# Doesn't like being on his back



## elizakait (Sep 12, 2012)

I keep seeing these cute pictures of hedgehogs in a ball on their backs being cupped or of people belly rubbing their cuties. Bubba is not one of those hedgies. He freaks out if I try holding him in a ball on his back. He desperately clamors to get back on his feet to the point of it being kinda comical. Does this mean anything bad about his personality or is it just something they get used to? Am I ever going to be able to give him belly rubs and he enjoy it?!


----------



## Lilysmommy (Jan 7, 2009)

Personally I feel like the belly rub hedgies are kind of uncommon. The flaily-WHAT-ARE-YOU-DOING-TO-ME reaction seems more common, but I have pretty limited personal experience too. :lol: Don't feel too bad if you can't get him to do it though - it may just not be his thing.


----------



## elizakait (Sep 12, 2012)

I guess he's just not a belly rub kinda guy then. I just didn't know if I tried to get him on his back more if he would get used to it or not? I guess not. Flaily freak out hedgie it is


----------



## ktdid (Aug 7, 2012)

I've never been able to rub Fitz's belly.
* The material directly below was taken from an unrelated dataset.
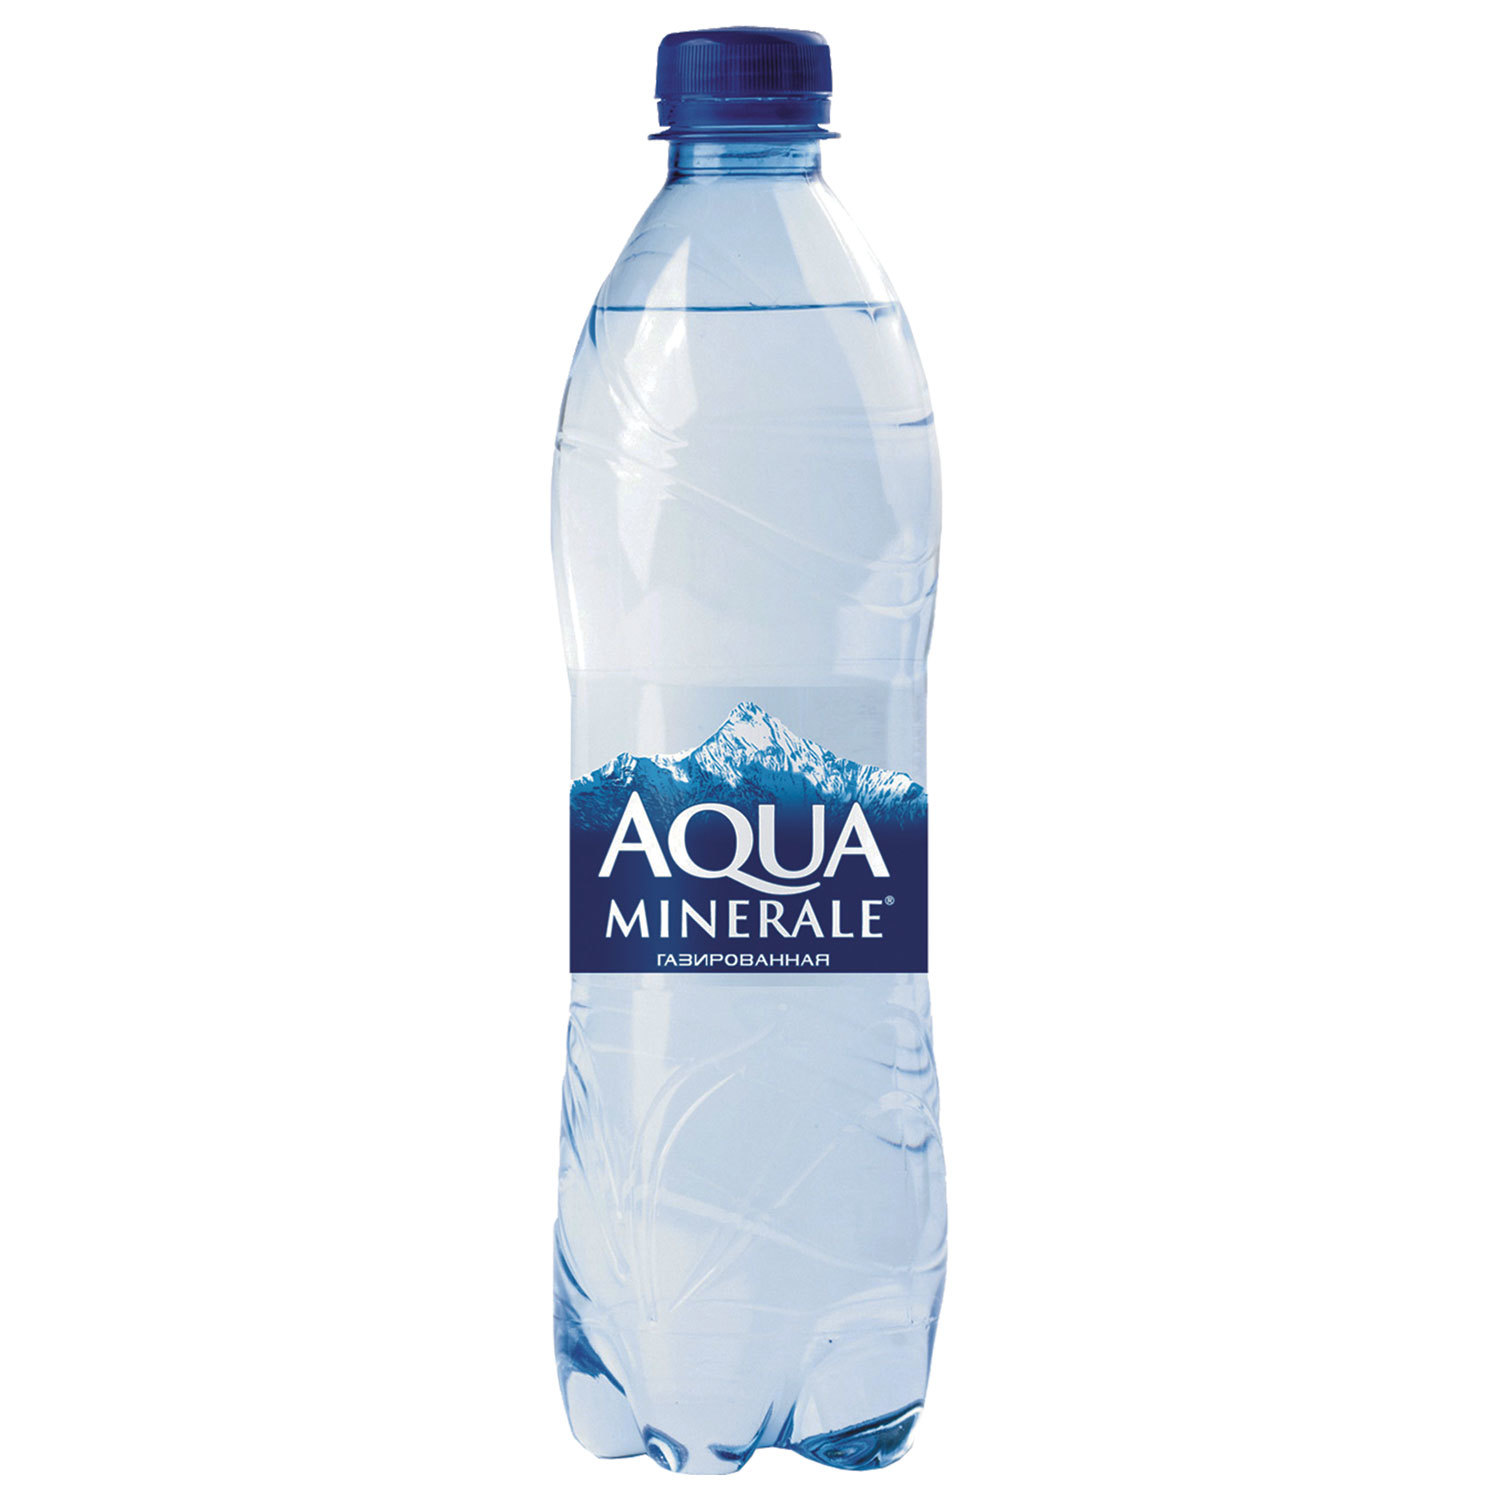 Бутылка негазированной воды. Aqua minerale вода питьевая ГАЗ 0.5Л. Вода Аква Минерале газированная 0,5л. Минеральная вода Aqua minerale. Аква Минерале 0.5.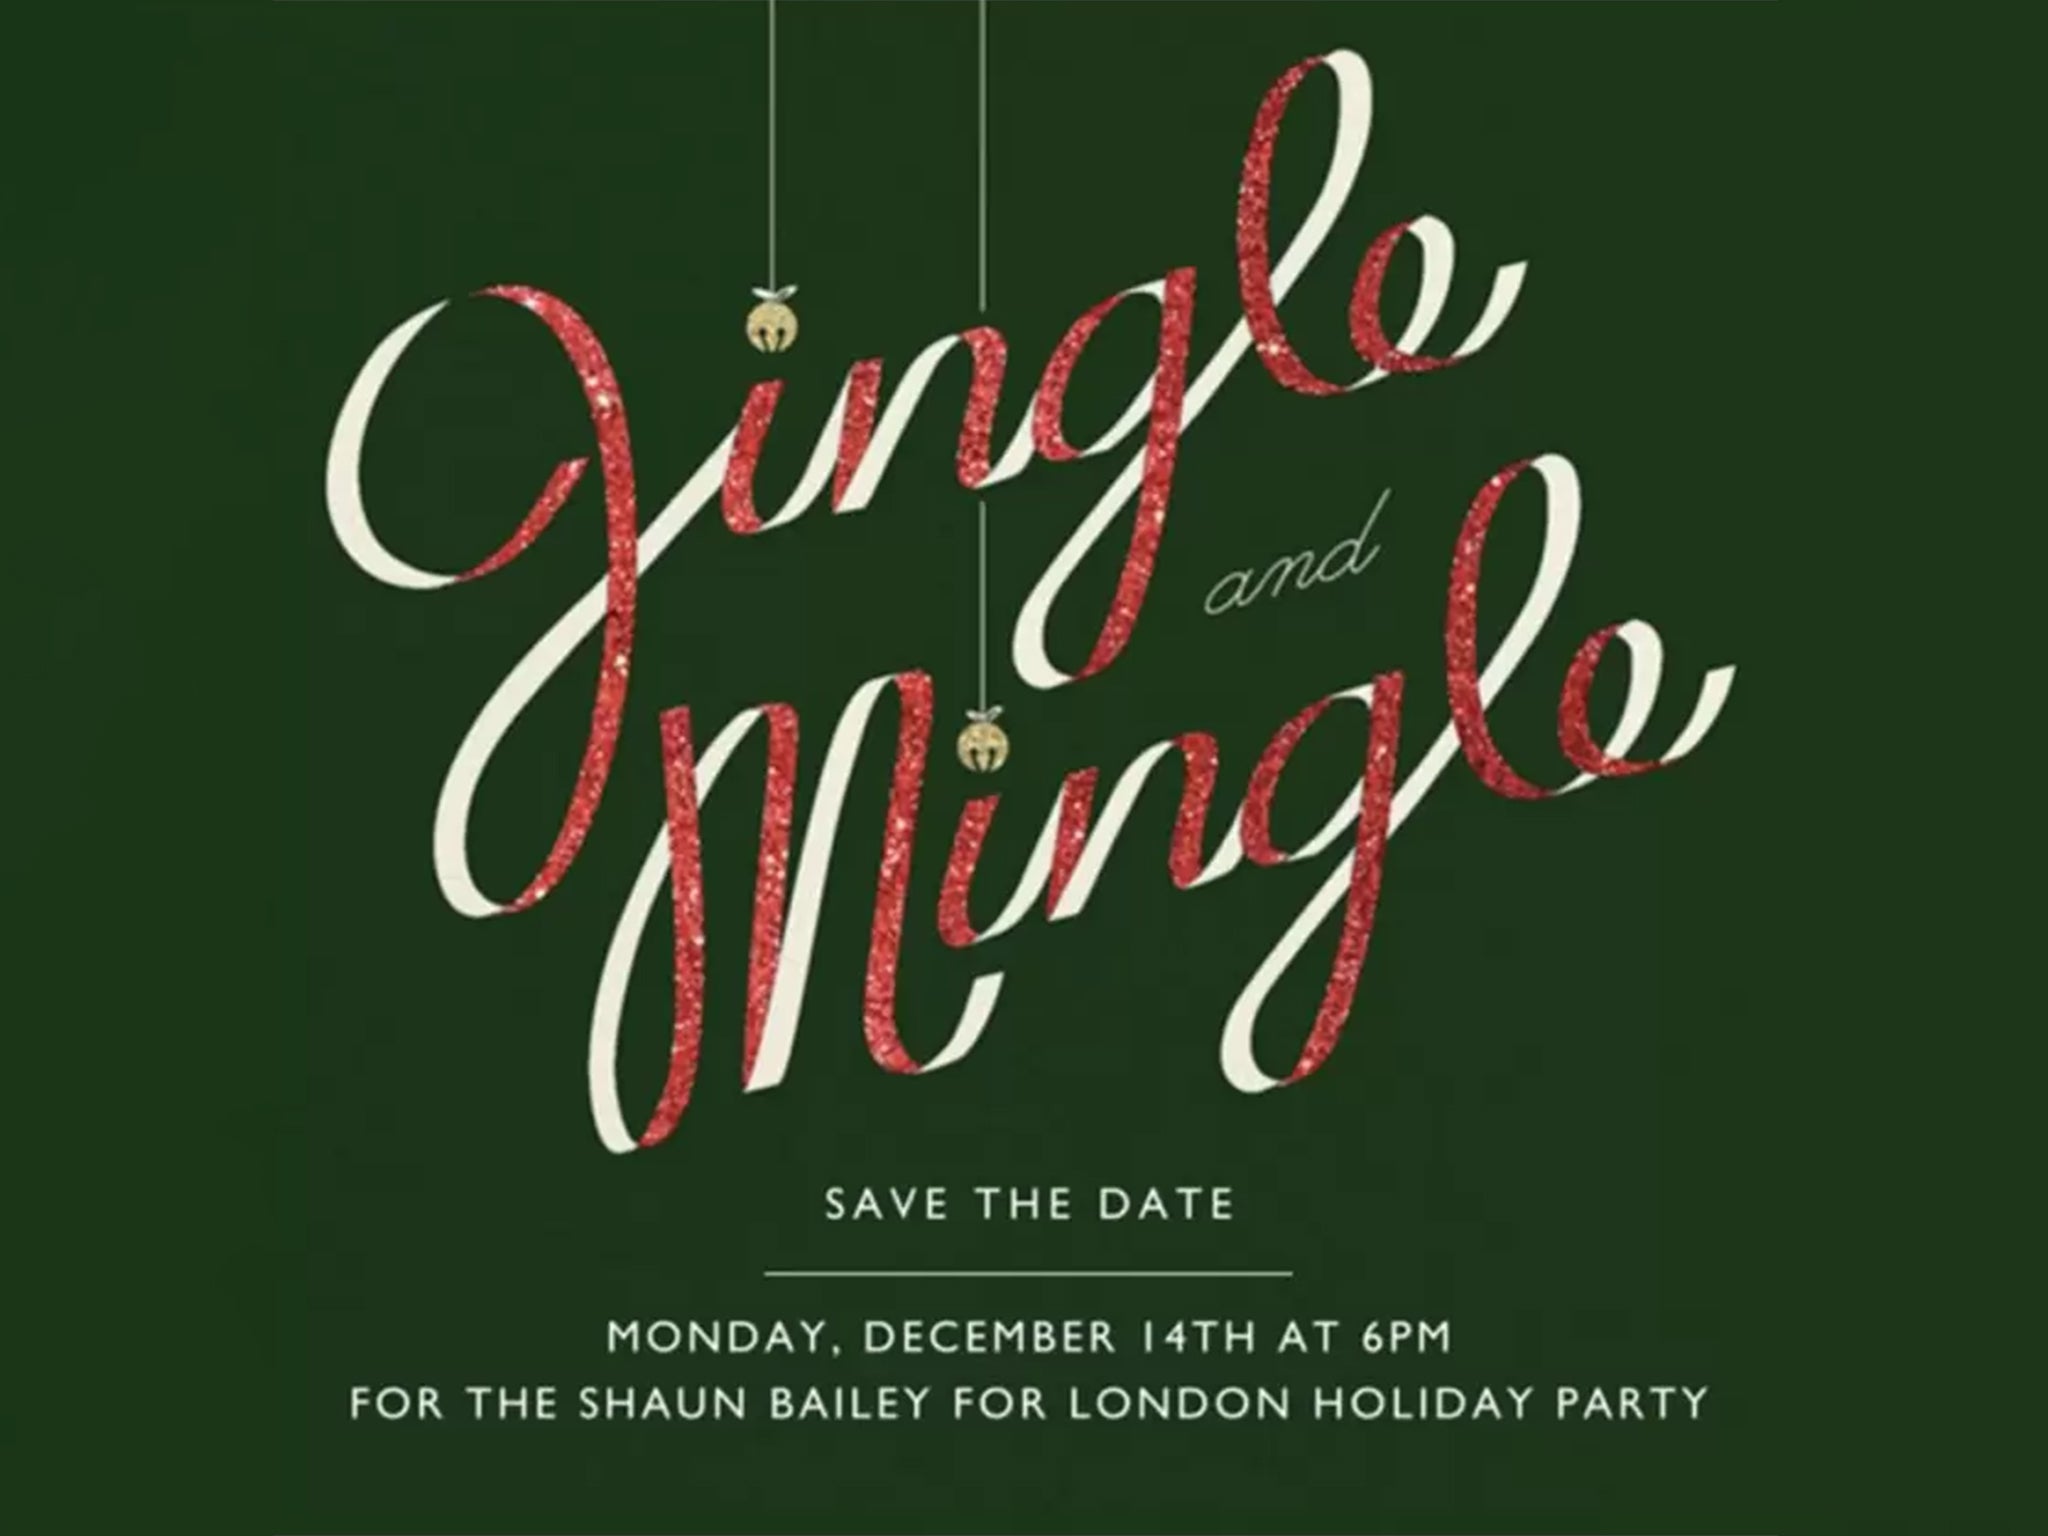 The ‘jingle and mingle’ invite

He balls up very tightly if he is on his back and gets even tighter if I put my fingers anywhere near him. I don't think he likes being in a ball necessarily, but he will do it and not flail around.


----------



## moxieberry (Nov 30, 2011)

Most hedgehogs instinctively don't like being belly-up - they're prey animals, and it's a very exposed position to be in, especially for an animal that defends itself with quills located on its back. Depending on the personality and how comfortable they are in a given situation, they might flail, partially ball up (face visible but stomach protected), or ball up fully. We work with each of them on "training" them to be okay on their back in an exposed position, because it makes it easier for us to be able to inspect them for injuries or signs of health problems, and it also means they won't have to be sedated for vet exams. Some of them learn to stay still in a belly-up position, and some are relentlessly squirmy. Definitely wouldn't say any of them _like_ the position, but they deal with it because it's just part of how we handle them. Even some of ours who are fine with belly rubs while cuddling still get squirmy on their backs.


----------



## sparkmanr (Aug 29, 2012)

My Milo never wants to be on his back. He flails and stuff too. You won't see any belly up or belly rubbing pictures of him. LOL I think that is the norm for hedgehogs.


----------



## Draenog (Feb 27, 2012)

I think it depends on the hedgie. It might also get better in time, when I got mine he always balled up a little when I turned him around but now he's more relaxed. I have him on his back a lot because it's so easy to walk around with him in one hand on his back :lol: he just sits there like "okay, I'll wait till you either put me down or give me tummy rubs" :lol: he does the flailing thing sometimes though, when he doesn't want to be on his back any more.


----------



## Petri (Mar 8, 2014)

Mine hates being in a ball too, personally I take it as a good sign since being in a ball is a defence mechanism. Lets me rub his belly but only when he's safely on all 4 legs, doesn't mind a tummy rub while he's getting to sleep either. I tired getting him used to being on his back but he just doesn't like it.


----------



## Draenog (Feb 27, 2012)

This thread is from 2012


----------